Archbishop Fred Hiltz, primate of the Anglican Church of Canada, is calling for prayers for Jerusalem after U.S. President Donald Trump’s decision December 6 to recognize the city as the capital of Israel and move the U.S. embassy there from Tel Aviv.

Hiltz, as Anglican Primate floats, as usual, blissfully above the demands that facts and reality impose on mere mortals. Thus, he declares that Trump has acted unilaterally, in spite of the fact that the U.S. congress voted to recognise Jerusalem as capital 22 years ago. Trump has done what every other president for the last 22 years has been putting off. This is very unAnglican: Anglicans have endless conversations when something comes up that they dislike.

Hiltz is also condemning Trump’s “unilateral action,” saying it has set off violence in the Holy Land.

Significantly, none of the clergy gnashing their collective teeth over this are interested in whether it is the right thing to do or not. Rather, they are motivated by pious pragmatism: will the recognition incite the usual lunatic elements to violence? After all, the Middle East has hitherto been so peaceful.

In a statement released Friday, December 8, Hiltz said he was joining a number of voices expressing “serious concerns” about Trump’s declaration. He cited a letter jointly issued by 13 heads of Christian churches in Jerusalem, including Archbishop Suheil Dawani, primate of the Anglican Province of Jerusalem and the Middle East, voicing disapproval and worry.

“We are certain that such steps will yield increased hatred, conflict, violence and suffering in Jerusalem and the Holy Land, moving us farther from the goal of unity and deeper toward destructive division,” the church leaders said in the letter, released shortly before Trump’s official announcement. “We ask from you Mr. President to help us all walk towards more love and a definitive peace, which cannot be reached without Jerusalem being for all.

“The Holy City can be shared and fully enjoyed once a political process helps liberate the hearts of all people, that live within it, from the conditions of conflict and destructiveness that they are experiencing.”

We have something to be thankful for in all this: politicians tend to ignore the opinions of effete clerics – just like everyone else:

But Trump, Hiltz said, chose “to ignore this wise and Godly counsel,” and went ahead with his declaration. “His unilateral action has unsettled the entire Middle East and plunged Jerusalem into chaos,” Hiltz continued.

Hiltz, it seems, has found a new word: “unilateral”. This is the third time he has used it. Incorrectly.

In an interview with the Anglican Journal Thursday, December 7, Hiltz said he felt Trump had acted in a characteristically “unilateral” and dangerous way in making his announcement.

What we really need are more conversations. How about a Middle East Indaba?

“There’s no sense of, you know, consultation, no sense of this having been a broader conversation. It’s Donald Trump being Donald Trump,” he said.

It gets worse: North Korea’s obsession with nuclear tipped ballistic missiles is Trump’s fault, too. Did I mention that Hiltz hates Trump?

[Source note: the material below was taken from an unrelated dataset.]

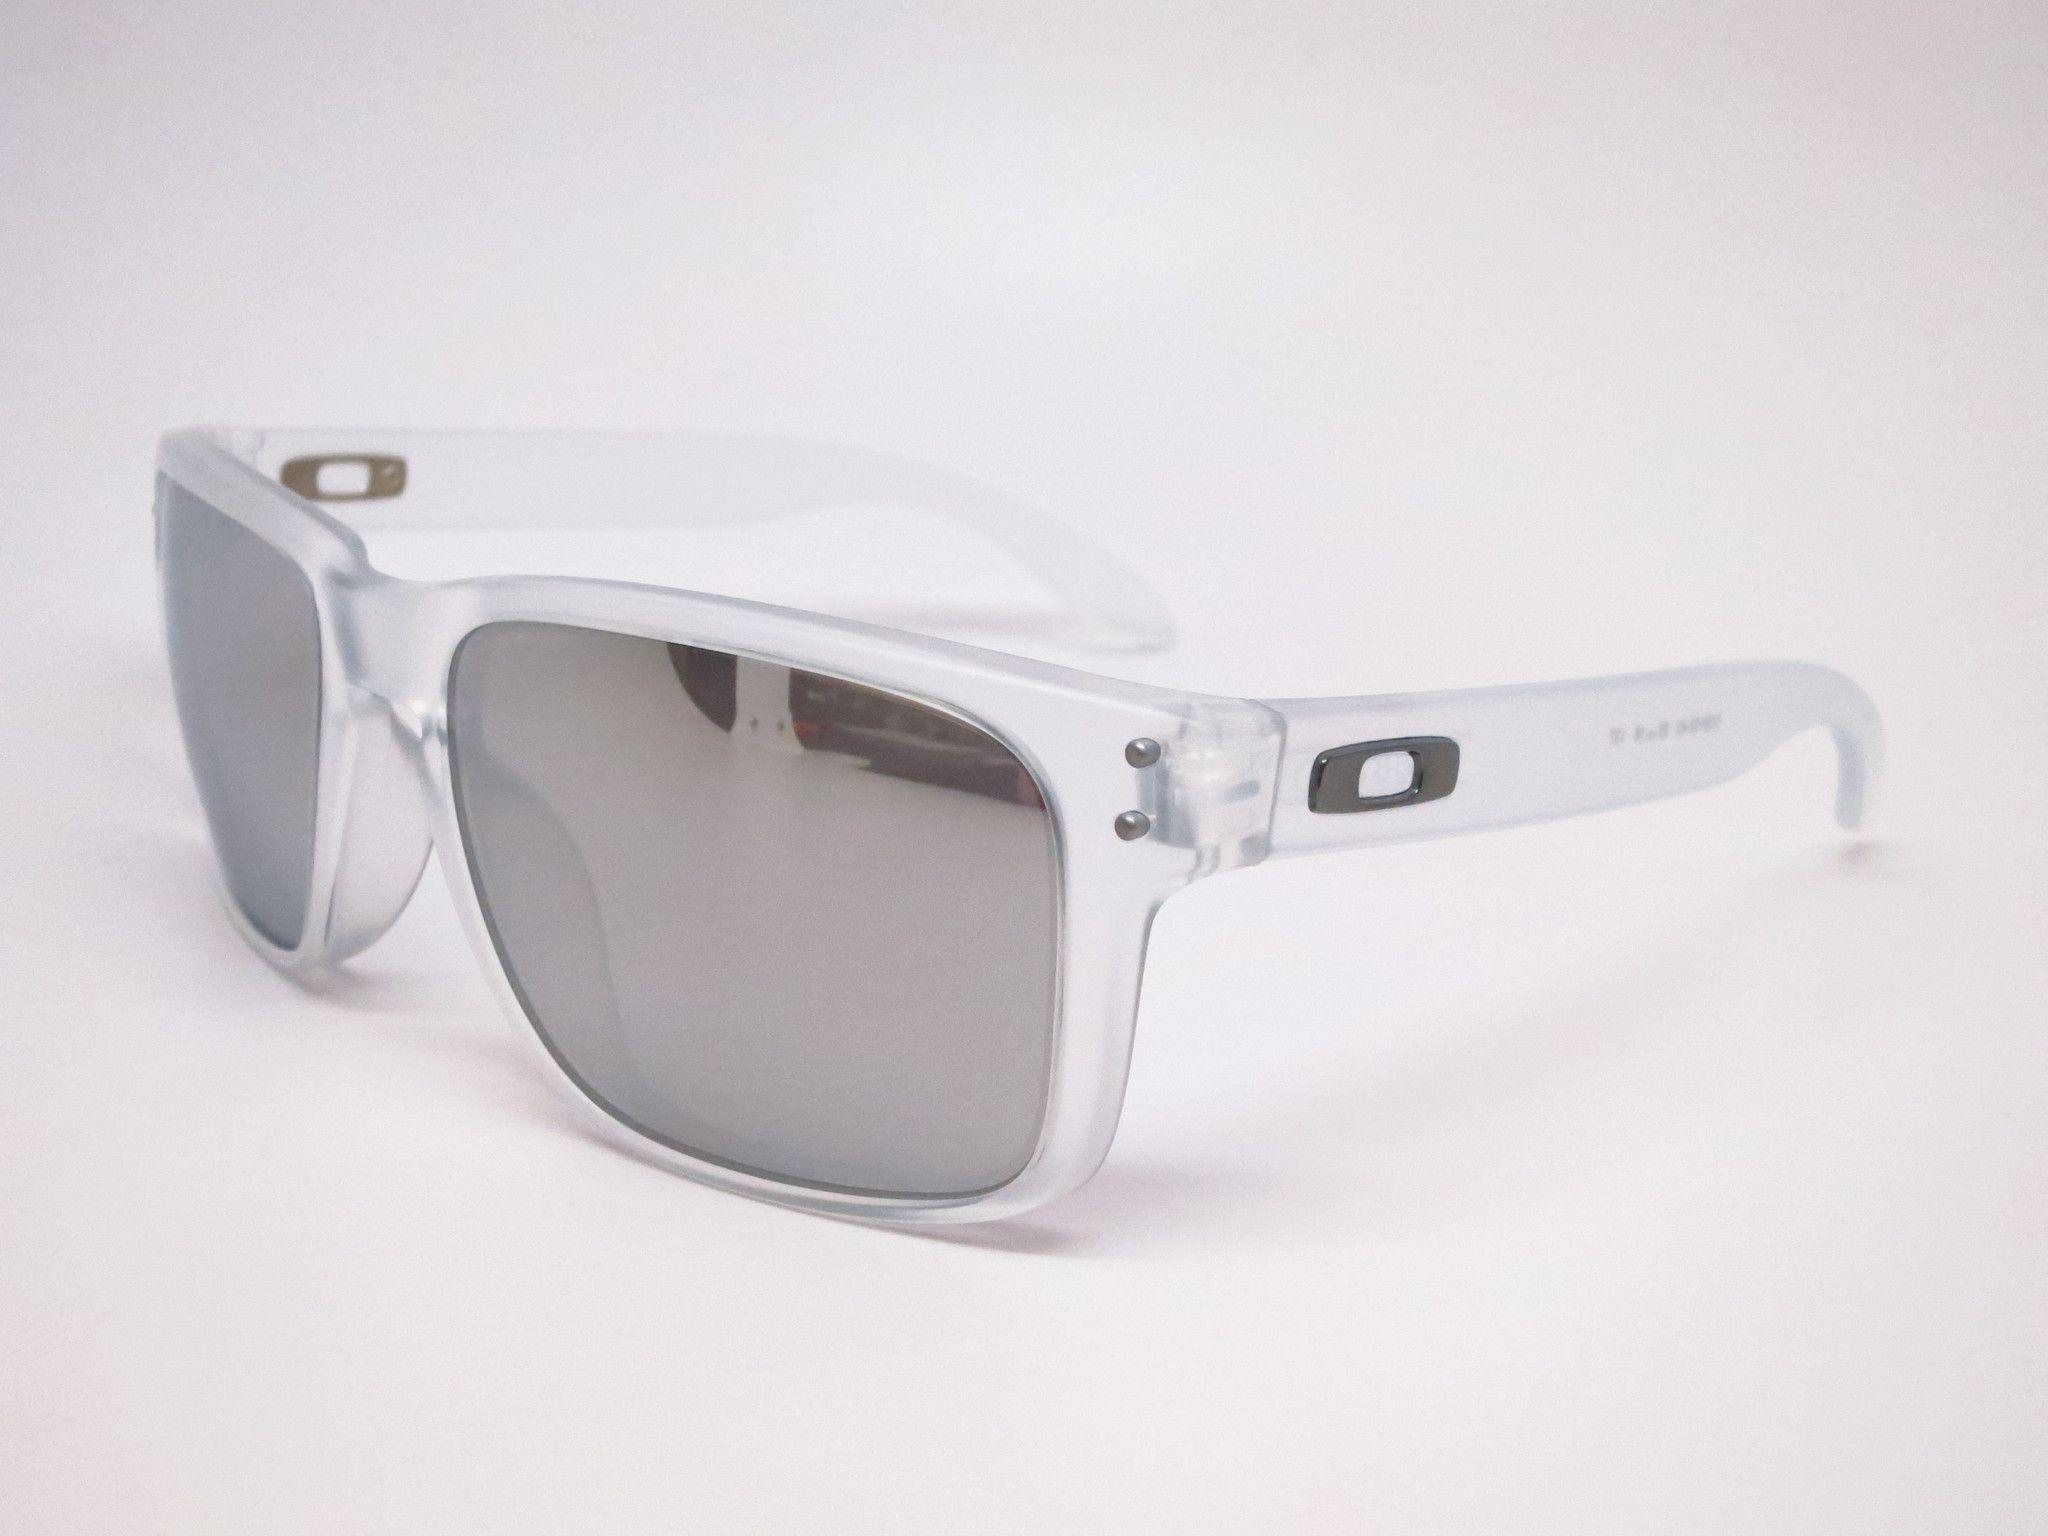 d64e8f394d Oakley Holbrook OO9102-A2 Matte Clear Sunglasses

“As with issues of concern on the Korean peninsula, his statements and his actions agitate, and they tend to stir things up in ways that, quite frankly, are not helpful,” Hiltz said. “It’s very worrisome in terms of how this could turn.”

The Anglican Church of Canada—like the government of Canada—Hiltz said, supports “a lasting peace process in which there is a state of Israel, but within which Palestinians also have a rightful place.”

Finally, we find out what is really bothering Hiltz – other than the fact that he is forced to live on the same planet as Trump. His free trip to Jerusalem might have to be cancelled.

Hiltz also said Trump’s announcement cast some doubt on whether he would still make a planned trip to Jerusalem this January to visit the Anglican primate of Jerusalem and the Middle East.

Predictable Anglican reaction to Trump’s Jerusalem announcement

This is an early tweet from Canada’s establishment Anglican rag, The Journal, expressing “concerns” over Trump’s announcement today that the U.S. recognises Jerusalem as Israel’s capital and plans to move its embassy from Tel Aviv to Jerusalem.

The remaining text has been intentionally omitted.